Association leaders chose the issue to launch its 25th annual journalism conference this week in San Jose because, more than any other social problem, "health care impacts everyone" regardless of ethnicity, said conference co-chair Veronica VillafaƱe.
But Latinos are among ethnic groups affected the most, with roughly 28 percent of California's Latino population lacking health care insurance coverage - more than three times the percentage of whites without coverage, according to the University of California-Los Angeles Center for Health Policy Research.
That, coupled with a shortage of Spanish-speaking doctors, and a disproportionately higher rate of diabetes for adults and the highest rate of invasive cervical cancer for women in the state, makes the group vulnerable, especially when they are trying to acquire health care that might help prevent such diseases.
Everyone involved admits the obstacles sometimes seem too big to overcome.

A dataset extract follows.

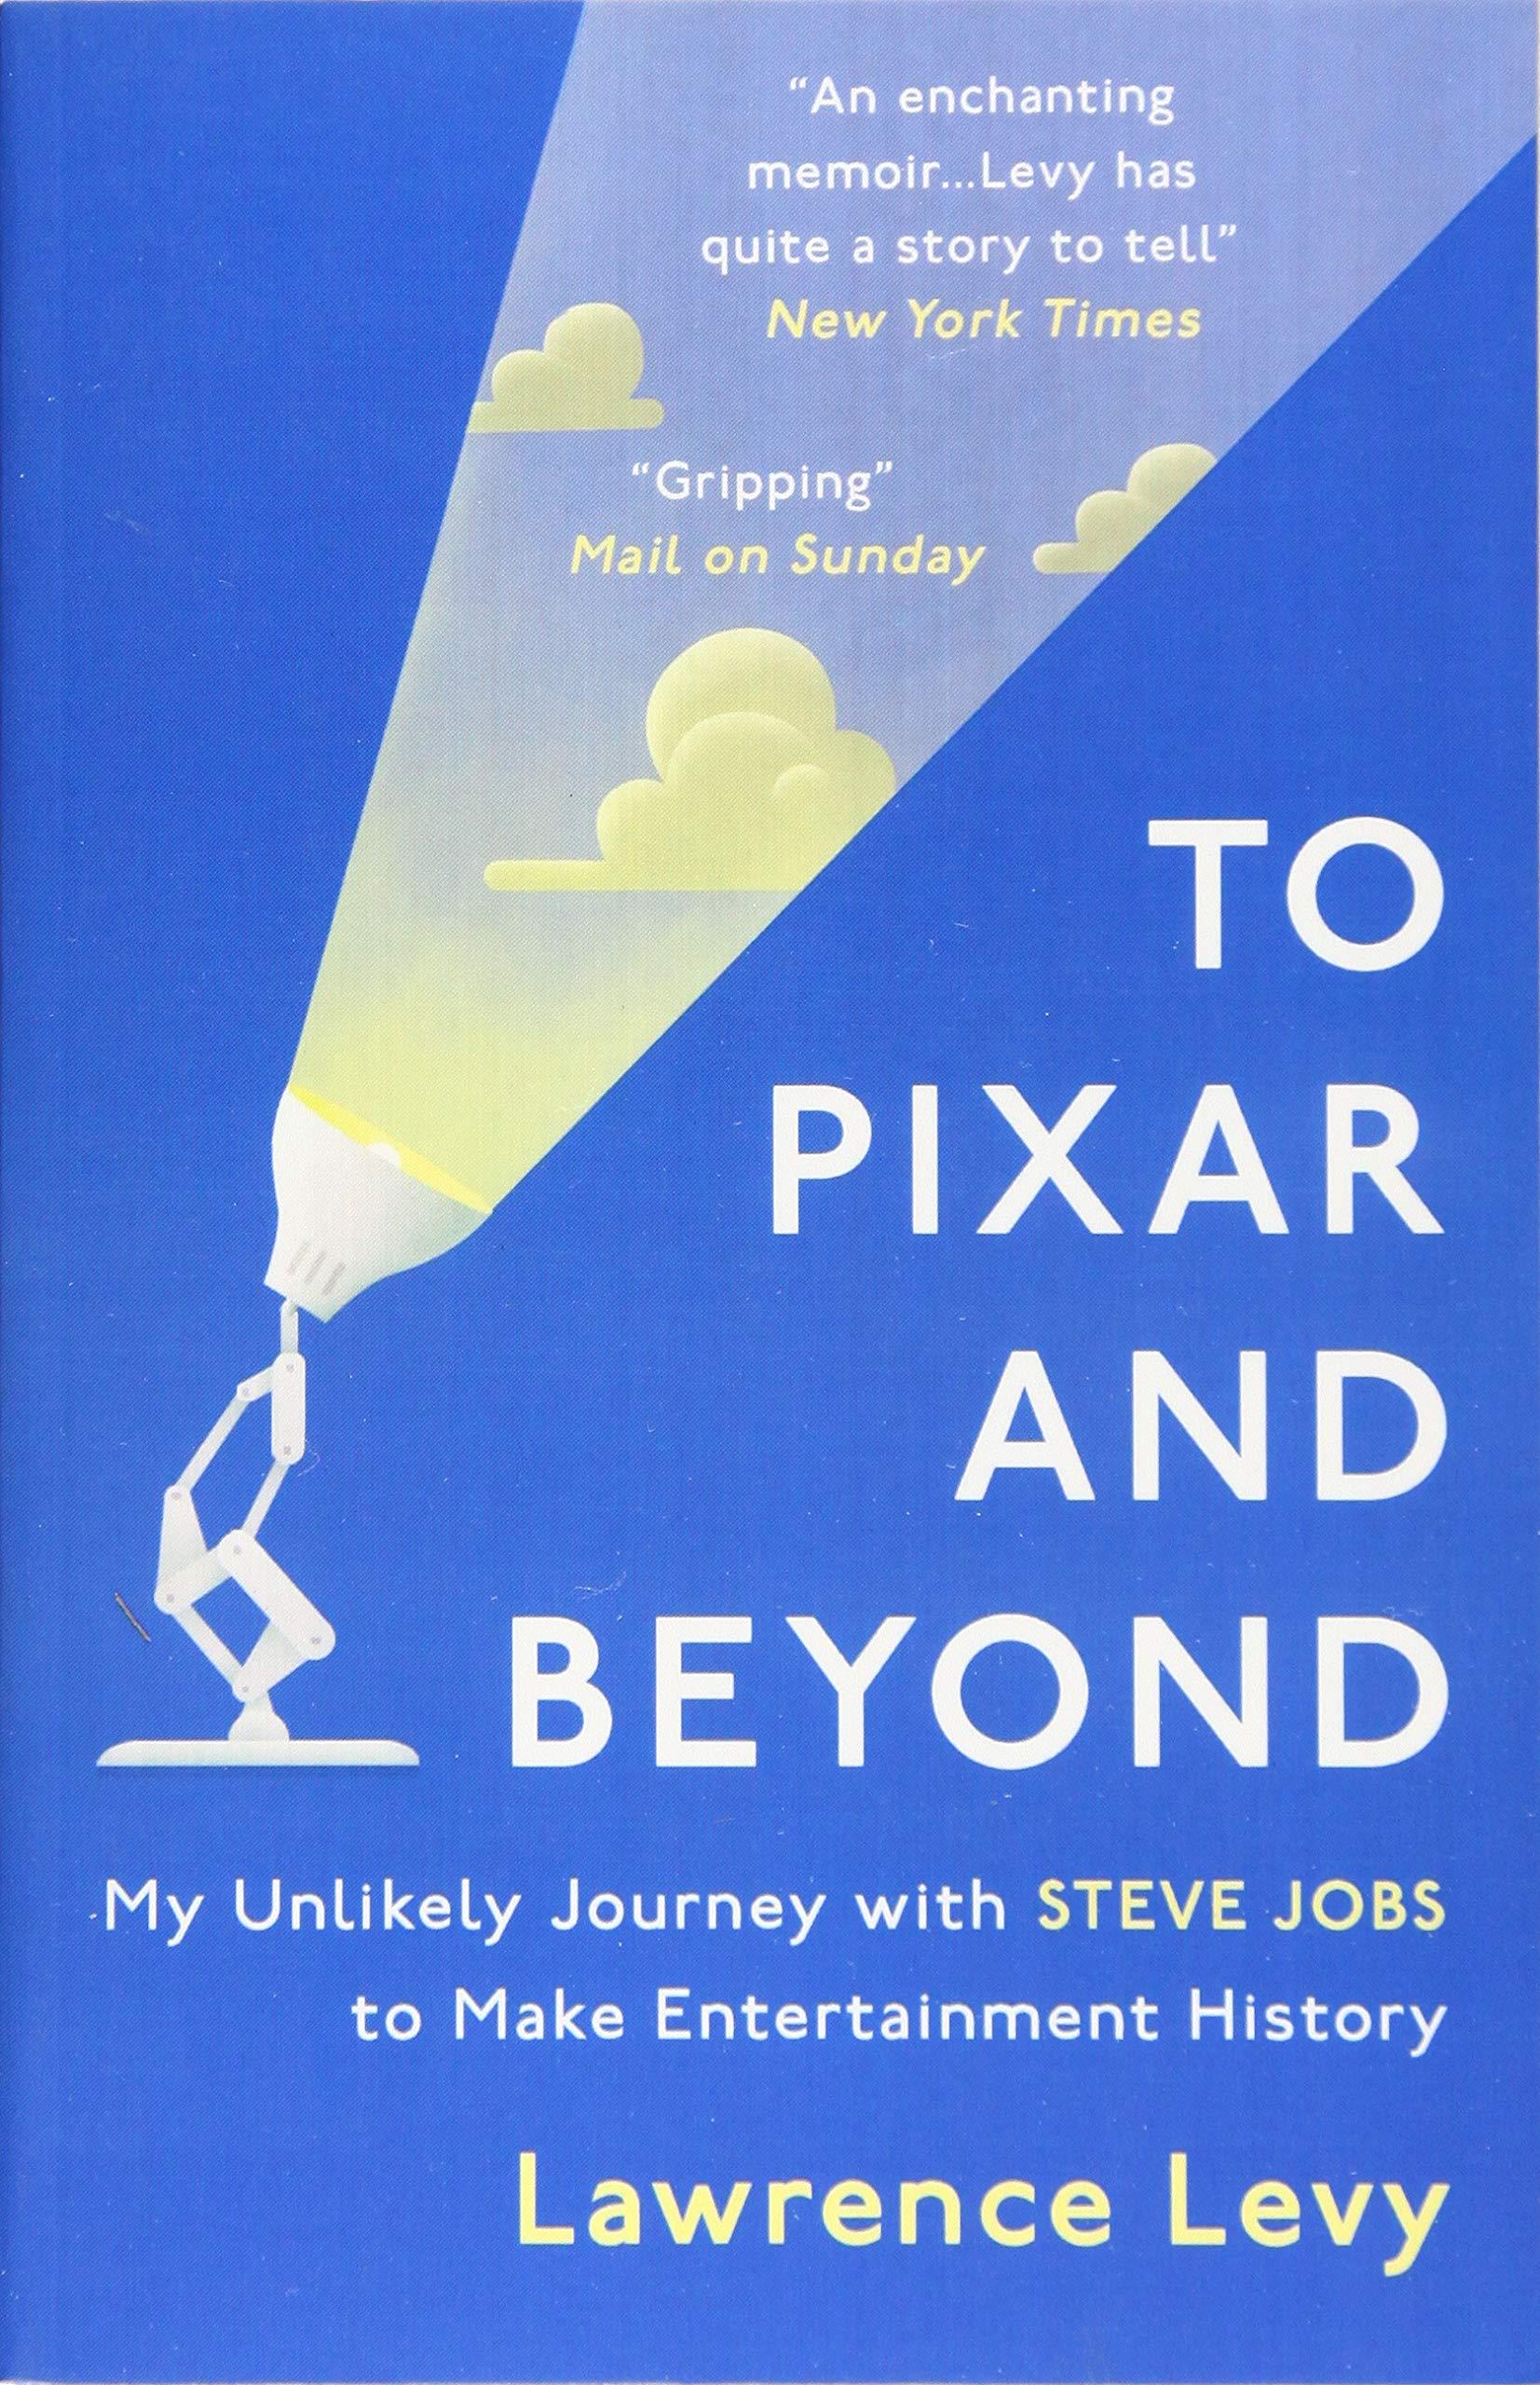 To Pixar and Beyond

But forum participants hope to at least pinpoint solutions for policy-makers as they begin discussing reform, particularly in California where Gov. Arnold Schwarzenegger is proposing universal health care coverage to help up to 6.5 million uninsured state residents.
"This has to be solved," said Kim Roberts, chief executive officer of the Santa Clara Valley Health and Hospital System that serves some 65,000 uninsured people, mostly through its 10 clinics each year.

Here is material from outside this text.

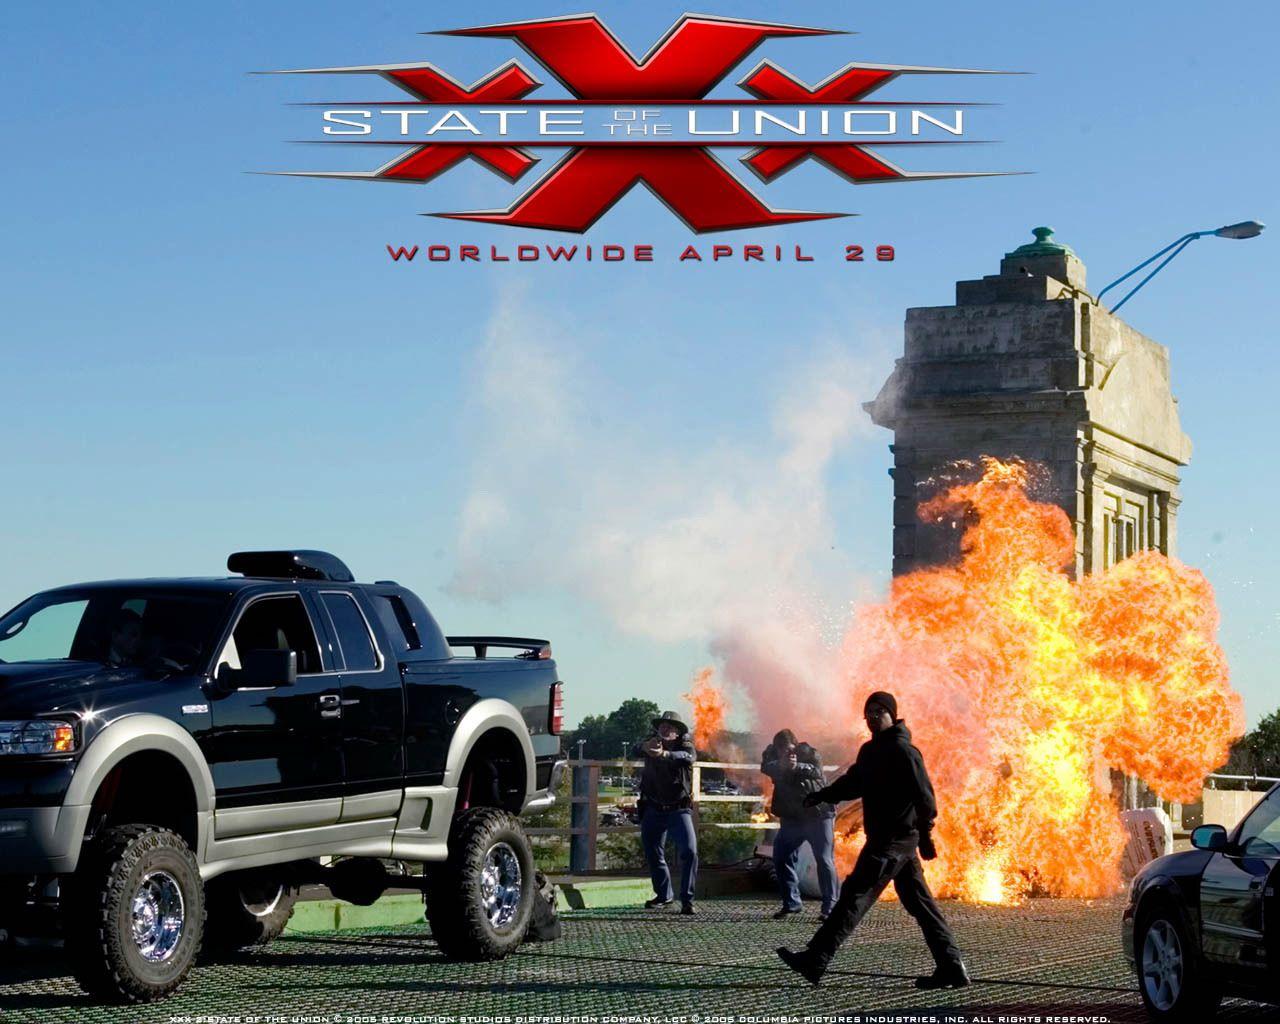 Xxx новый уровень 14 фотография

Attempts to reform health care have long eluded policy-makers for several reasons, but one major reason is that no one has been able to develop a plan that everyone can agree on.
Schwarzenegger's plan, unveiled six months ago, mandates businesses with 10 or more employees provide health care or pay 4 percent of revenues into a state insurance fund. The plan is already drawing fire from some corners.

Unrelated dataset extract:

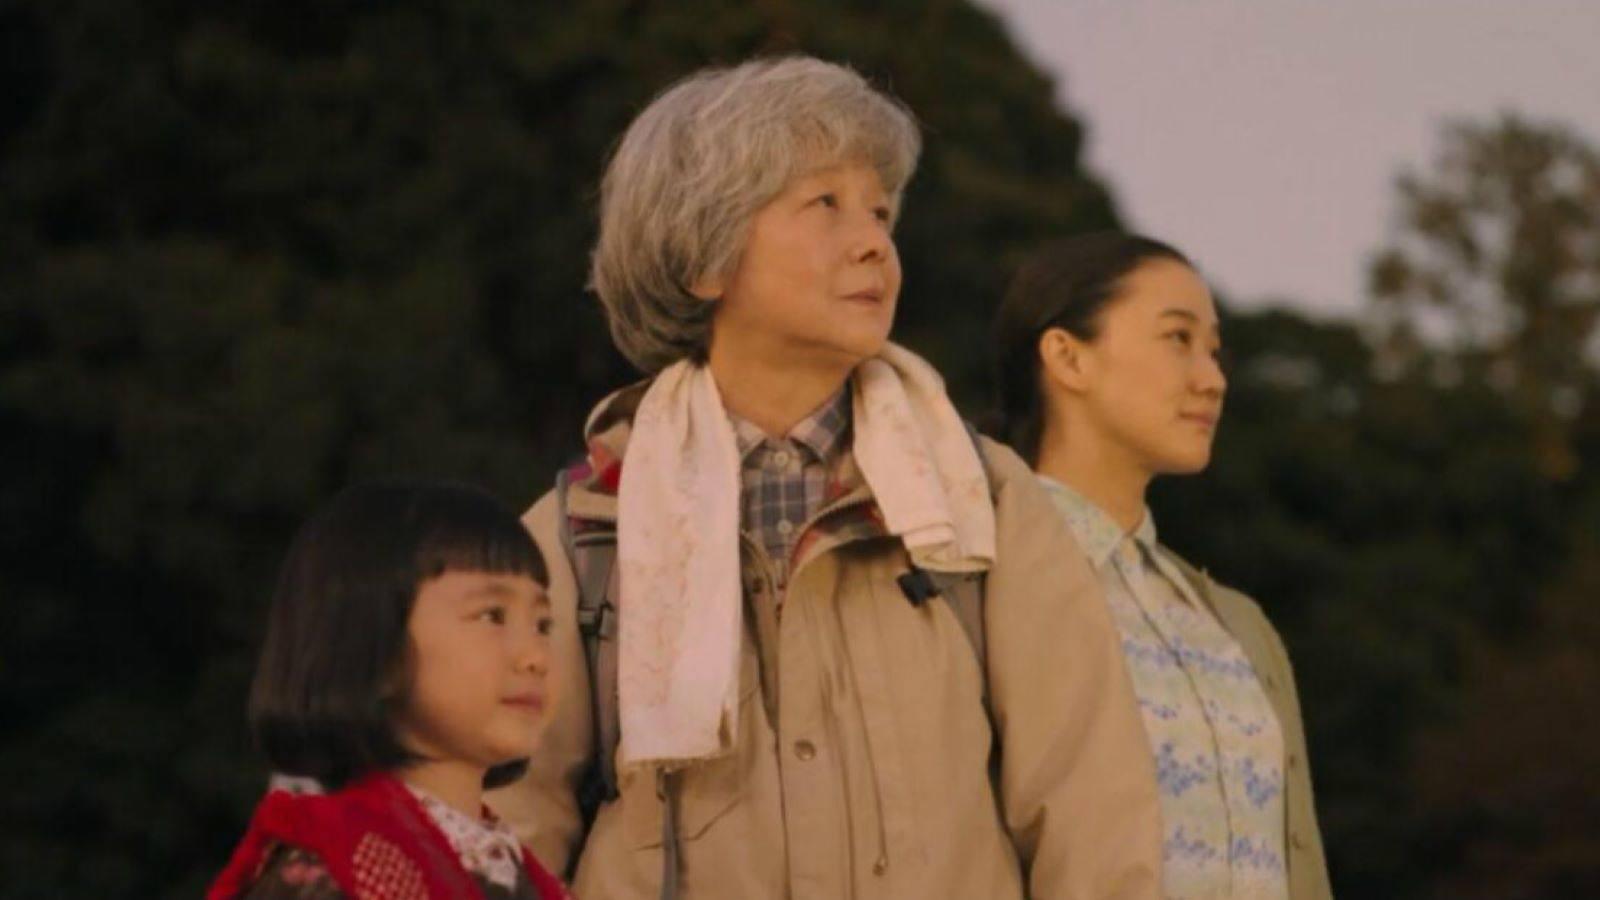 田中裕子、苍井优共演电影《我啊,走自己的路》公开预告

Small-business owners, among others, have stressed concern about their ledgers, saying the the expense could put their books in the red.
Supporters, meanwhile, argue health care shouldn't be about dollars, but about providing what they call "a basic necessity like food and water" to people who work yet aren't insured.
"This is really, really a huge issue," said Lupe Alonzo-Diaz, director of the Latino Coalition for a Healthy California, who will be among the panelists Tuesday. "We need to continue pounding the drum for change."
The coalition is a non-profit organization designed to improve the health of the state's Latino community.
The issues can be fixed, but only if policy-makers are willing to acknowledge that change will take time, she said. A solution should begin with children, she said.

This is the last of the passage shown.